Il résulte par ailleurs de la note du Dr [N] du 30 octobre 2025 que ce dernier a pu notamment consulter le rapport médical d’évaluation des séquelles du Dr [P], du service médical de la CPAM de [Localité 4]. Il ajoute que ce rapport conclut le 12 novembre 2024 à un taux de 12 % médical pour des séquelles d’une rupture de lu coiffe des rotateurs droits traitée médicalement chez une droitière consistant en la persistance d’une limitation douloureuse de mouvements avec diminution de la force musculaire. Le médecin conseil de l’employeur a donc bien eu accès au rapport d’évaluation des séquelles.
Sur l’évaluation du taux d’IPP
Dans son rapport, le docteur [N] indique : " La rétropulsion et la rotation externe sont normales. Les mouvements complexes supérieurs et inférieurs restent réalisés confirmant une antépulsion et une abduction au minimum à 120° – 130°. (…) L’ensemble des mobilités n’est pas atteint". Le médecin en déduit que la fourchette de taux 10-15% n’est pas applicable.
Dans les différentes notifications de décision de la Caisse et de la [3], sont mentionnées des limitations « douloureuses » des mouvements de l’épaule. L’existence de ces douleurs n’est démentie par aucun des éléments produits par l’employeur requérant.
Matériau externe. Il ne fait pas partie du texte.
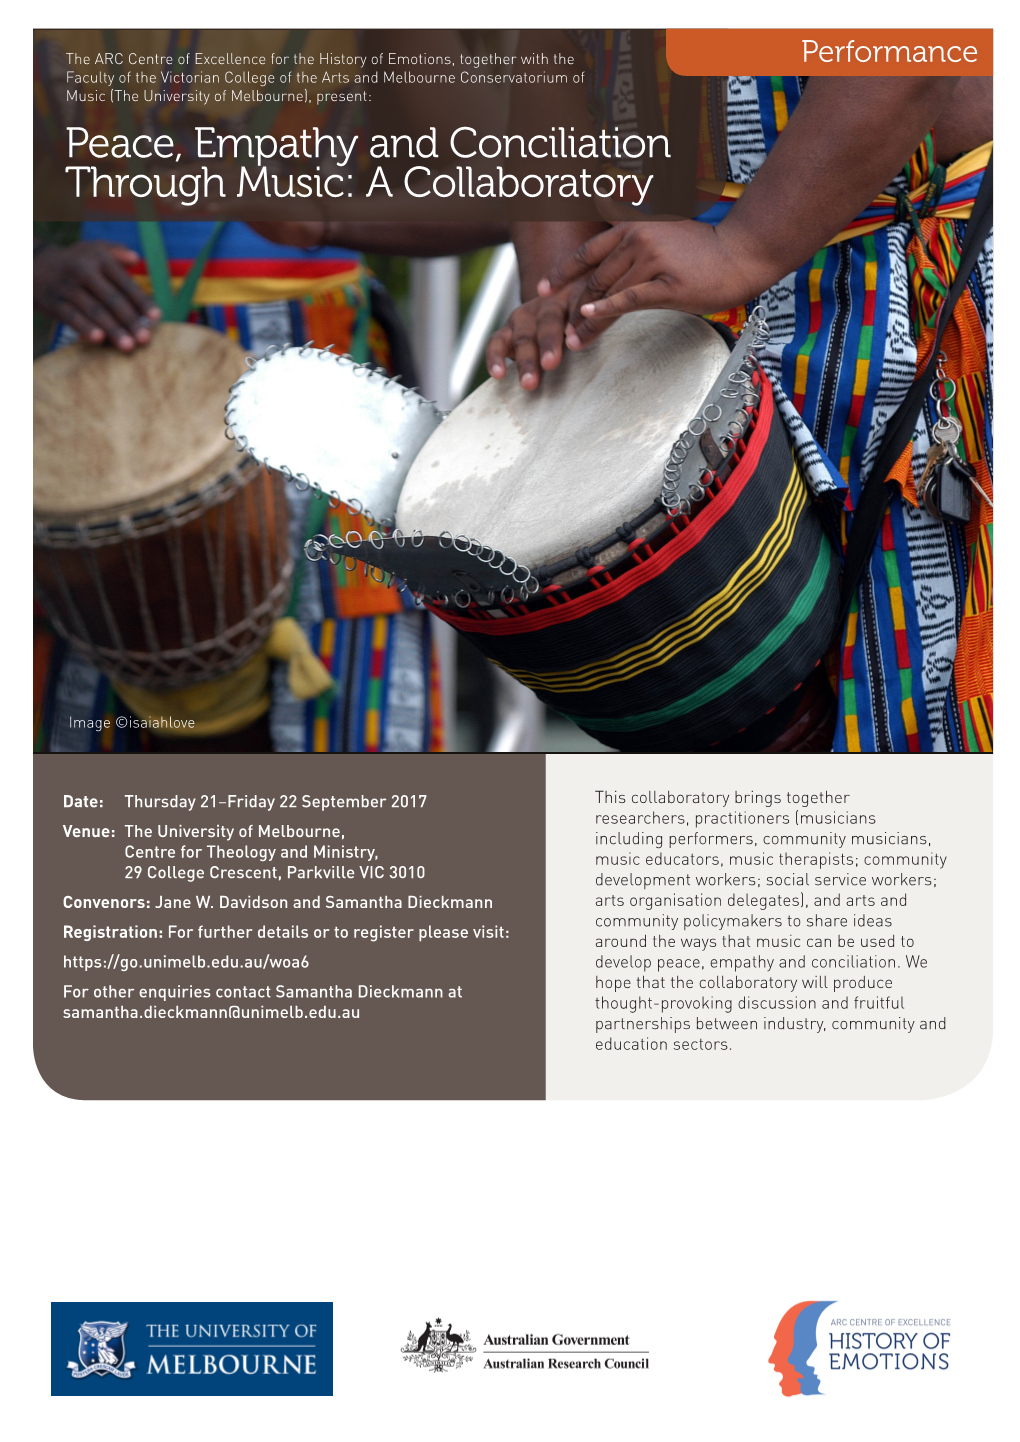 Peace, Empathy and Conciliation Through Music: a Collaboratory

Il est établi par les observations du Dr [N] et non contesté par la Caisse, que le salarié présente une limitation de certains des mouvements de l’épaule, et non de la totalité des mouvements comme prévu par le barème indicatif. Toutefois, la Caisse relève avoir pris en compte d’une part la douleur à la mobilisation de l’épaule et d’autre part, un coefficient de synergie, au regard de l’atteinte de la seconde épaule. La prise en compte ce cette fragilité peut intervenir en l’espèce dans la mesure où la consolidation de l’état de l’épaule gauche est intervenue le 23 novembre 2024, soit un mois avant la notification de la décision fixant le taux d’incapacité permanente pour l’épaule droite. Le fait que l’état de santé du salarié n’ait pas été consolidé pour l’épaule gauche au jour de la consolidation de l’état de l’épaule droite est indifférent ici dans la mesure où d’une part, la maladie existait bien et avait été constatée à gauche au jour de la consolidation de l’épaule controlatérale, la difficulté inhérente à cette double pathologie était donc médicalement constatée et pouvait valablement être prise en compte dans l’évaluation du taux d’IPP pour l’épaule droite.
A la lumière de l’ensemble de ces éléments, il convient de maintenir à 12% le taux d’IPP retenu, dans les relations Caisse-employeur.
L’expertise n’ayant pas vocation à palier la carence des parties dans l’administration de la preuve, et le médecin conseil de l’employeur ayant par ailleurs bien eu accès au rapport d’évaluation des séquelles, il ne sera pas fait droit à la demande d’expertise présentée par le requérant.
Au regard de l’ensemble de ces éléments, la société sera déboutée de l’ensemble de ses demandes et condamnée aux dépens.
PAR CES MOTIFS
Le tribunal, après en avoir délibéré conformément à la loi, par jugement contradictoire, rendu en premier ressort,
DEBOUTE la société [1] de sa demande de ramener à 8% dans les relations caisse-employeur le taux d’incapacité octroyé à Madame [M] par la CPAM de Seine-et-Marne à la suite de la maladie professionnelle du 23 novembre 2017 ;
DEBOUTE la société [1] de sa demande d’expertise ;
CONDAMNE la société [1] aux dépens de l’instance.